しかし僕の切り返しより更に早く、彼女はそう返して来た。この女に、僕はなかなか勝てなかった。四年経った今は、どうだろう。多分勝てないに違いない。でも別に、そのことにも腹が立ったり悔しかったりするわけではない。それでいいのだと、あの頃に自分で決めてしまっていて、そうでないと調子さえ狂う、そんなところが僕にはあった。いや、僕らの間には、か。こいつには勝てない、そのほうが平和だ。けれどそれでも、僕は最後まで抗うのだ。そしてわざとではなく負ける。そうすることで安堵が得られる、というのも、変な話なのだが。

「ああでも、今はちゃんと働いてるし、主任さんだっけ?それなりに御飯くらい、おごってもらえそう?」

えへへ、と彼女が笑う。僕は嘆息して、

「やっぱりたかりに来てんじゃねぇか」

「やーねー、違うって言ってるでしょ?ご飯くらい自分で食べますよーだ」

言い返すと、舌まで出して彼女は言った。僕はその様子にほっとして、何となく笑みを漏らす。元気そうだ、そして変わらない。あの頃と変わらない彼女がそこにいることが、僕はとても嬉しかった。そうやって一人笑っていると、彼女はそれに気がついて、今度は怒ったような顔で僕に詰め寄ってきた。

「何よ?何がおかしいわけ?」

君のその仕種が、余りにも可愛らしくて、と言ったら、こいつはどんな顔をするかな。僕は胸の中で思った。けれど口に出して言ったことはない。出てくるのはいつも憎まれ口ばかりだ。いつも詰って罵って、僕は詰られて罵られて負かされる。でもそれが僕と彼女だった。いや「可愛い」とか言う科白は、切り札にとってあるのだ。それを使うとそいつは真っ赤になって向きになって、どうしてか怒り始める。それがまた可愛いと言うか、見ていて飽きないので、僕はそれを何となく自分への御褒美のようにして、あまり使わないでいた。
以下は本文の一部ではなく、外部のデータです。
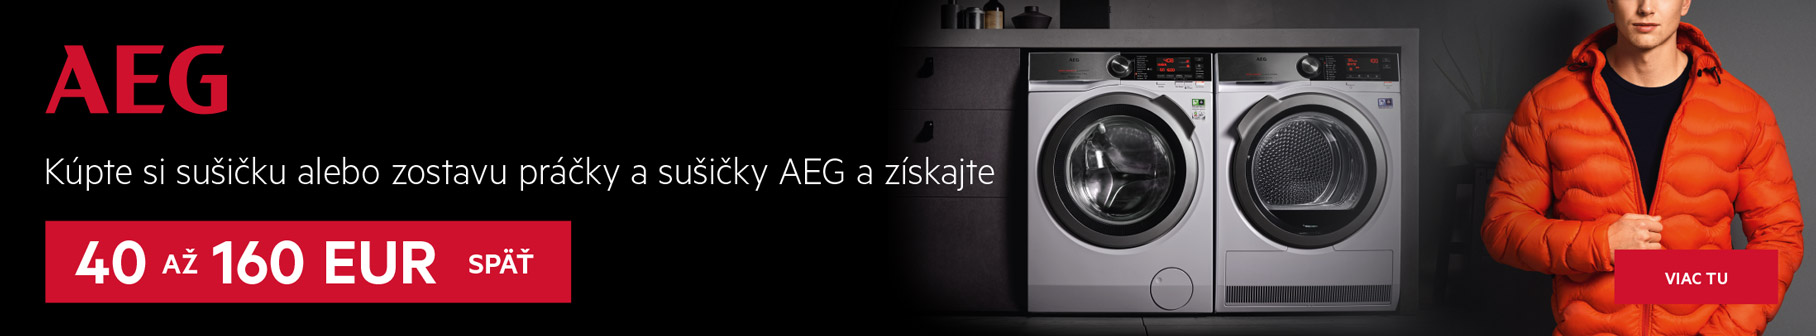 AEG - Dokonale ochráni každý kúsok vášho oblečenia. BEZ OBÁV.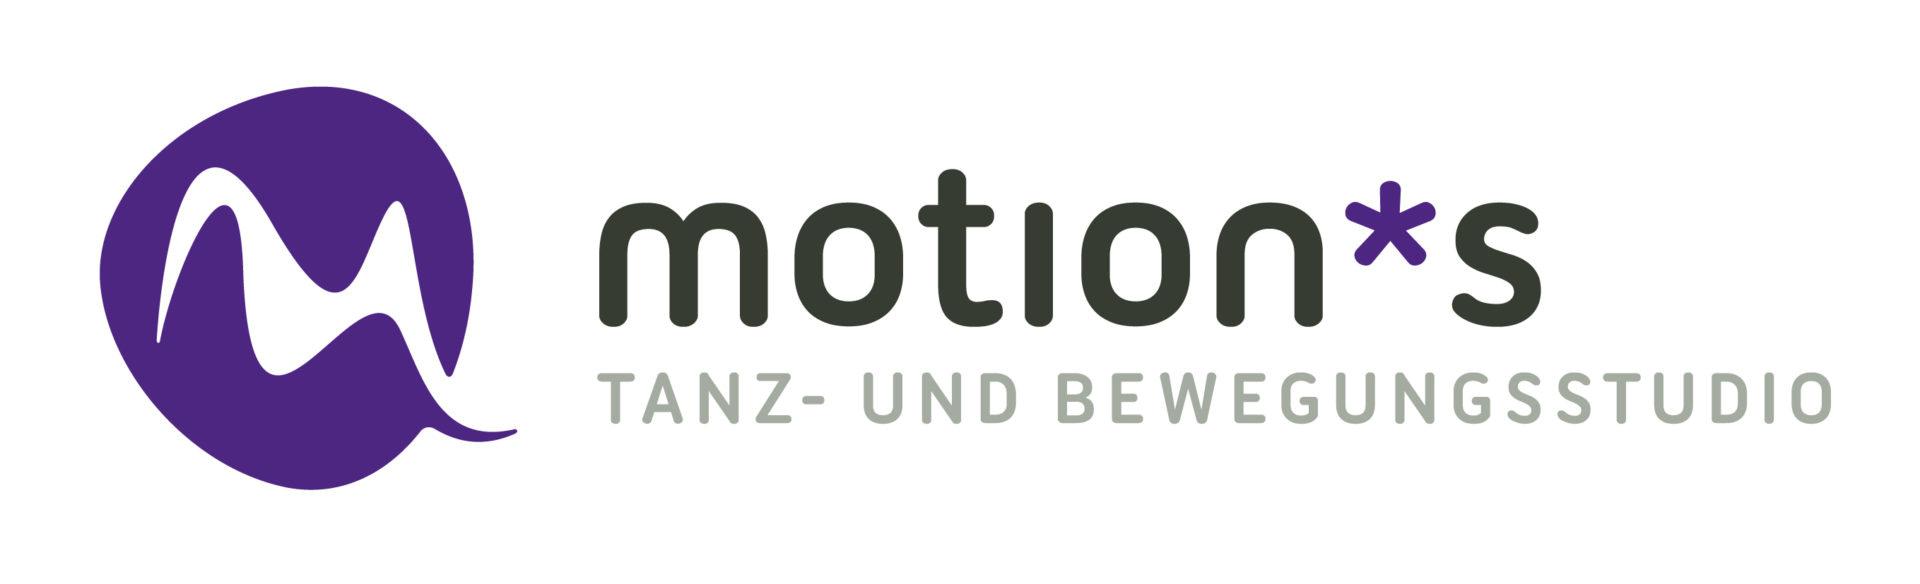 motion*s Tanz- und Bewegungsstudio

ここまで言えばたいてい誰にでも解るだろう。学生の頃、彼女とは付き合っていた。卒業とともにどちらからともなく、途絶えて消えてしまってはいたけれど、何やってんだこいつは、と思った瞬間に、僕の方はその頃と変わらない状況に戻っていた。勿論、そこには懐かしさもある。それでももしここからまた始められるなら、それはそれで全然構わない、そんな、おかしな核心さえあった。とは言うものの、僕と彼女の間柄は傍目から見ると男女のそれというよりも、親密な友人関係以下でしかない、らしい。でもそれも無理からぬことかも知れなかった。何しろ僕ときたらいつもふて腐れていて、一緒に歩くのに手も繋がないし、ものの言い方には剣がありすぎたし、気がつくといつでも口論ばかりしていた。それでも僕と彼女は、仲間内にもそう認識、されているようないないような感覚でずっと付き合っていた。他の誰かとした恋とは違うけれど、それでも、これが死ぬまで続くのも悪くない、と僕はその頃思っていた。多分今でも、これからそうなって一生それが続いても、特に何も支障はないだろう。彼女はそういう相手だった。多分、そんなことになったことはないが、他の男に取られたりしたら、僕はいてもたってもいられまい。ただ彼女は、その辺りをどう思っているかはわからないが。

「それで、何の用だ?ニート」

「ニートって呼ぶな、失礼だぞ」

「じゃ……宇奈月さん?」

僕は何気に、彼女の苗字を口にした。そんな風に呼んでいたのは出会って暫くの、ほんの短い間で、その名前は口になじんでいなかった。彼女はあれれ、とでも言いたげな、少し驚いた目になると、

「ナニソレ。ってゆーかいいよ?ナツで」

そう言ってまたその顔を緩ませる。それを見下ろす僕は、そんな彼女にひねくれた言葉を返した。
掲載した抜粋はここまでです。